Source data:
____________

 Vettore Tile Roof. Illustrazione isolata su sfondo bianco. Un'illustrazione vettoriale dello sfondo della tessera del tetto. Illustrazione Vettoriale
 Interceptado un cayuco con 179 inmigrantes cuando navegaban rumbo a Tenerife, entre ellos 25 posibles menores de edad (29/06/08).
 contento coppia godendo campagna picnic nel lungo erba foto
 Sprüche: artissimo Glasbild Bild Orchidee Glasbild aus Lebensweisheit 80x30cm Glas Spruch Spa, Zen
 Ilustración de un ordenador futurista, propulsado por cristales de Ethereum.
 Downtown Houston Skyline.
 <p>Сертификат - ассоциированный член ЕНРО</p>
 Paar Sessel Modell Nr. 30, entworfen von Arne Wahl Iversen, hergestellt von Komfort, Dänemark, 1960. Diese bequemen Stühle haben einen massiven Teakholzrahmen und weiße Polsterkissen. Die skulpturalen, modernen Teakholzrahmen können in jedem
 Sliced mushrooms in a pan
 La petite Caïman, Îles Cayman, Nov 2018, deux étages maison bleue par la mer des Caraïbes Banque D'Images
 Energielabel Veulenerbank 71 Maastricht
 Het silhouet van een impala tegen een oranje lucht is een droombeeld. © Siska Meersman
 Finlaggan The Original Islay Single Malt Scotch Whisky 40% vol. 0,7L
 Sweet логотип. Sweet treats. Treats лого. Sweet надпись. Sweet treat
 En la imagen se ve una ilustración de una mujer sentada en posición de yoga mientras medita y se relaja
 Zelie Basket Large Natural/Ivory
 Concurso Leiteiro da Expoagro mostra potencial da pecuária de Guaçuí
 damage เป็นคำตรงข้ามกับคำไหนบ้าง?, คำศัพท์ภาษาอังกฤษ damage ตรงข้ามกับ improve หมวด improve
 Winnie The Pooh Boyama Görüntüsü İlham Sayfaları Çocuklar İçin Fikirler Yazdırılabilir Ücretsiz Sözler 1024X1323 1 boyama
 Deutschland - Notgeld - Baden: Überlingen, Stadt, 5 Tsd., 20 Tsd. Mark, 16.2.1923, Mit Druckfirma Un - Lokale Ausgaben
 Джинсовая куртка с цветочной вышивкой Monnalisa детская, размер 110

____________

Repeat, exactly as they stand above, the lines from the line with "Zelie Basket Large Natural/Ivory" to the line with "Deutschland - Notgeld", both lines included.

 Zelie Basket Large Natural/Ivory
 Concurso Leiteiro da Expoagro mostra potencial da pecuária de Guaçuí
 damage เป็นคำตรงข้ามกับคำไหนบ้าง?, คำศัพท์ภาษาอังกฤษ damage ตรงข้ามกับ improve หมวด improve
 Winnie The Pooh Boyama Görüntüsü İlham Sayfaları Çocuklar İçin Fikirler Yazdırılabilir Ücretsiz Sözler 1024X1323 1 boyama
 Deutschland - Notgeld - Baden: Überlingen, Stadt, 5 Tsd., 20 Tsd. Mark, 16.2.1923, Mit Druckfirma Un - Lokale Ausgaben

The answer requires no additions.